Rachel Shields, The Independent
The nation’s landscape is changing before our eyes. Record numbers of people are preparing to dig up their manicured lawns and privet hedges. Even the most modish gardens are sporting freshly dug vegetable beds, sapling fruit trees and nascent compost heaps.

…The vogue for landscape gardening was spurred on in the late 1990s by garden makeover shows such as Ground Force, headed by Alan Titchmarsh. It has been replaced by a fashion for “edible gardening”, with celebrities such as the Blur bassist Alex James espousing self-grown “five-a-day” healthy eating.

…The UK’s leading seed sellers, Tuckers, Marshalls and packetseeds.com, are struggling to cope with the number of orders coming in. The Horticultural Trades Association put UK sales of the seeds of edible plants at £40.3m in 2007; new figures expected shortly are likely to show significant growth.

…”Everyone, from every social group and level that you can imagine, has allotments – doctors, the unemployed, the elderly, families. It is growing in popularity because people care about food, their carbon footprint and the economic situation – allotments address all of these issues,” said Ms Kelly.

For those of you who might not know, allotments are small plots of land that people in the UK can rent from their local councils to grow food on. There is a terrible shortage due to the increased demand, partly due to much of this land having been sold off to property developers back in the boom years.
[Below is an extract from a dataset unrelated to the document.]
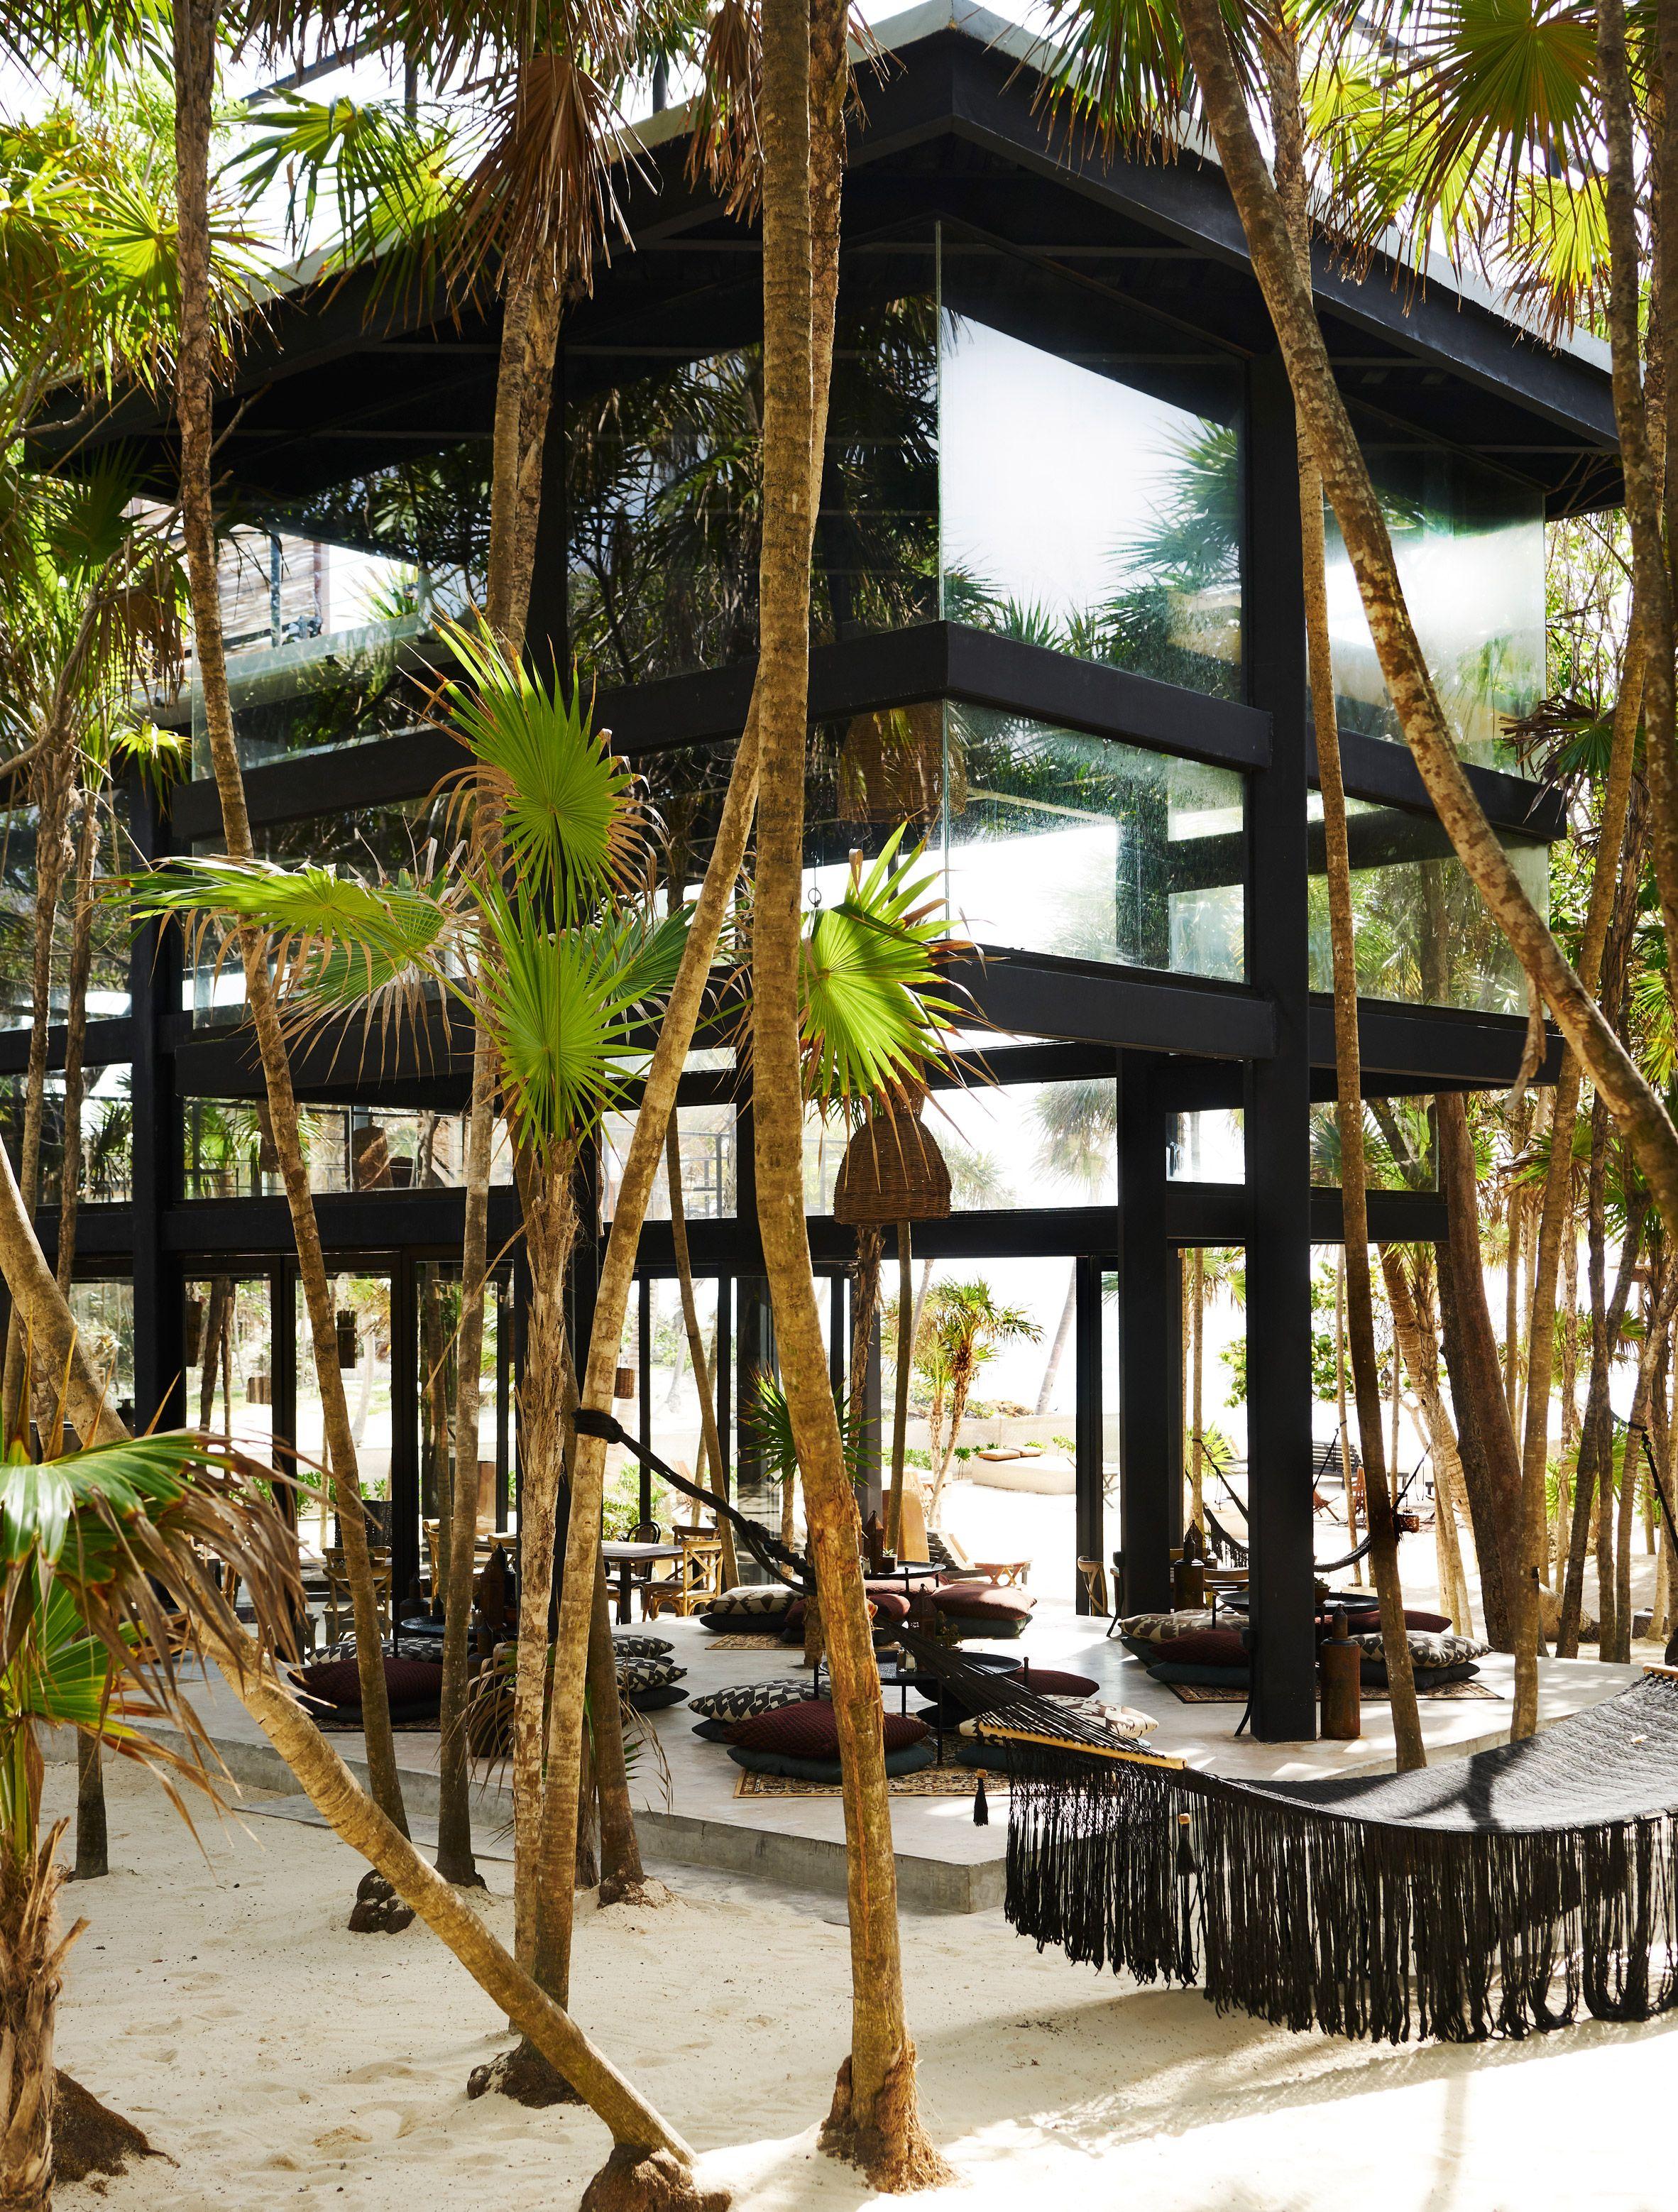 Habitas Tulum Boutique Hotel Offers Beachfront And Hidden Jungle

Hopefully this is a trend that is now going to reverse! KS
(18 January 2009)


Foodie Food Storage

Sharon Astyk, Casaubon’s Book
One of the questions that comes up a lot is how people who are accustomed to eating mostly high quality, fresh foods adapt to a diet of stored and preserved foods. People are concerned that this means an inevitable shift towards canned, processed and lower quality food than a fresh diet would allow for.

My own opinion is that this is actually a false dichotomy – and not a trade off I’d personally ever accept. The problem, IMHO, is not the issue of fresh foods vs. processed, but of making a real dietary shift that actually means that you are eating the best of your seasonal, preserved and fresh foods, rather than trying to reproduce your old diet. “Foodie” food storage – food storage for people who love to eat and to eat delicious, high quality meals – begins from the recognition that it is truly a way of eating, and one that changes with time and season.
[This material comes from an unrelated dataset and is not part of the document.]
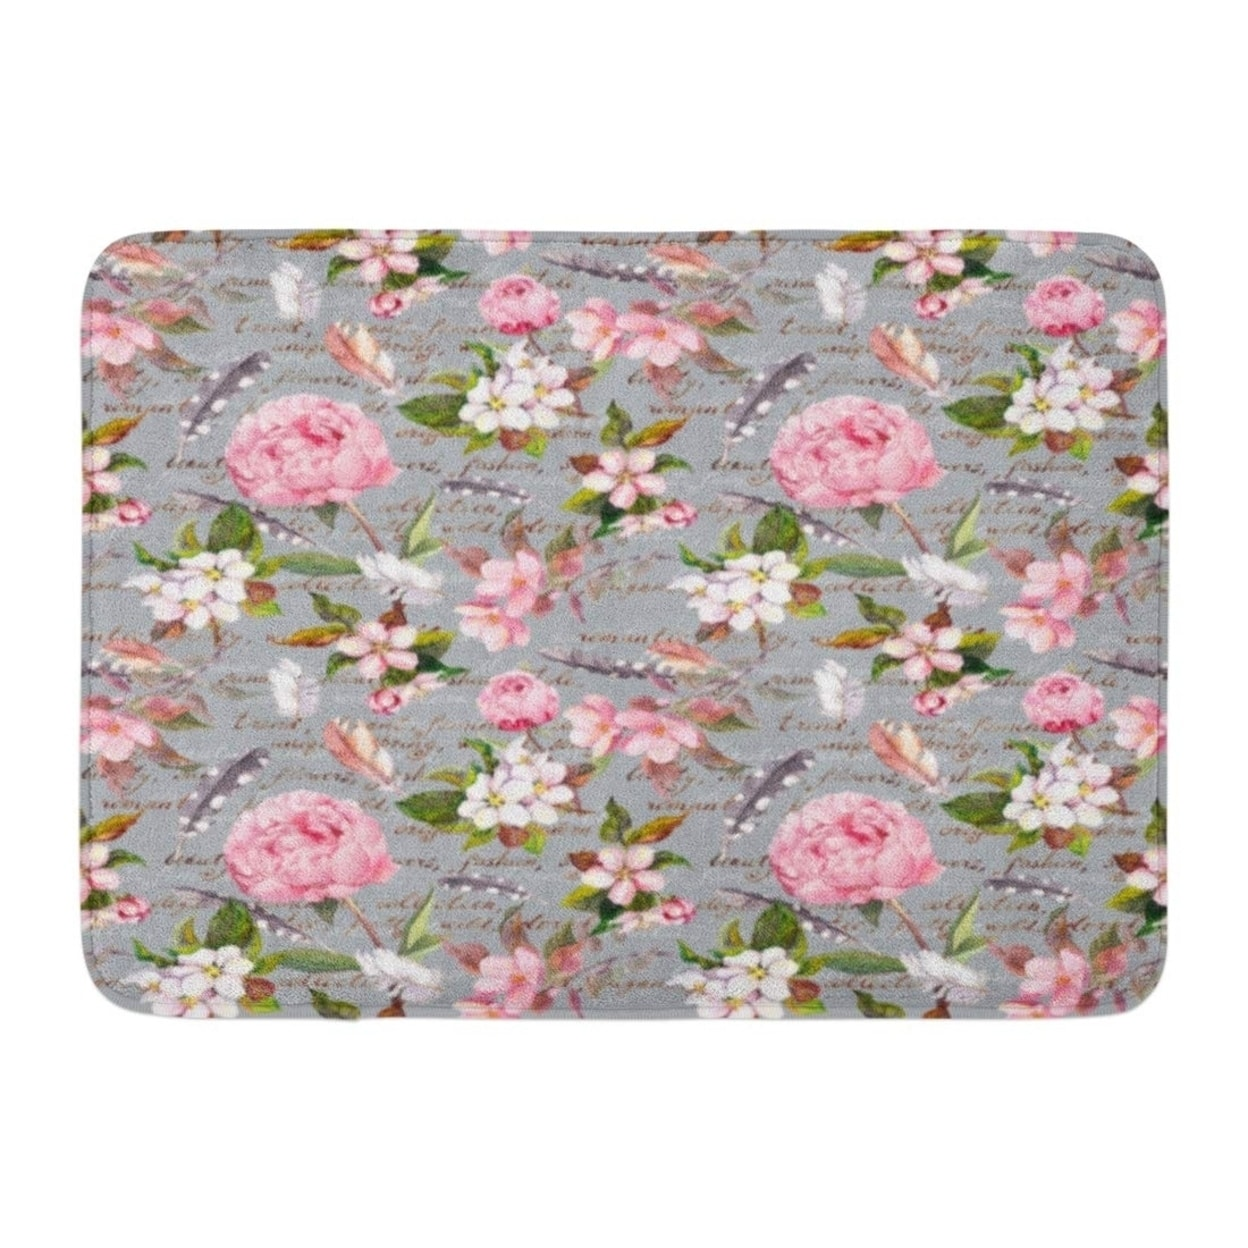 Pink Boho Peony Flowers Sakura Feathers Vintage Floral Pattern Letter Watercolor Botanic Doormat Floor Rug Bath Mat Multi On Sale Overstock 31777004

…The weak links in food storage are meat, milk and eggs. Most of the non-fossil powered methods of long term storage aren’t something you want to work with every day – salting, smoking and sausaging result in food products that are extremely tasty, but not really healthy for everyday inclusion in your diet. Powdered eggs and milk taste little like the alternatives.

But then again, it is worth remembering that the peasant cuisines that we base much of our best food upon never contained meat, milk and eggs in the quantities we have them now, never ate them all year round. That is, no one ever ate osso buco nightly, or cassoulet daily. And the cassoulet was born as a way to extend small amounts of meat with beans and other foods. That is, the perception we have of most cuisines is a false one – few societies as disconnected from agriculture have ever eaten animal products as we do – as a universal, seasonless food.

…So the first reality of food storage is that we’re headed back to the peasant cusines – as they existed for ordinary people. That means fewer animal products all around – maybe none, since it is perfectly possible to produce brilliant, delicious food without it, or perhaps eaten as we once ate them, as the foods of France, Italy, Turkey, China, and other places evolved.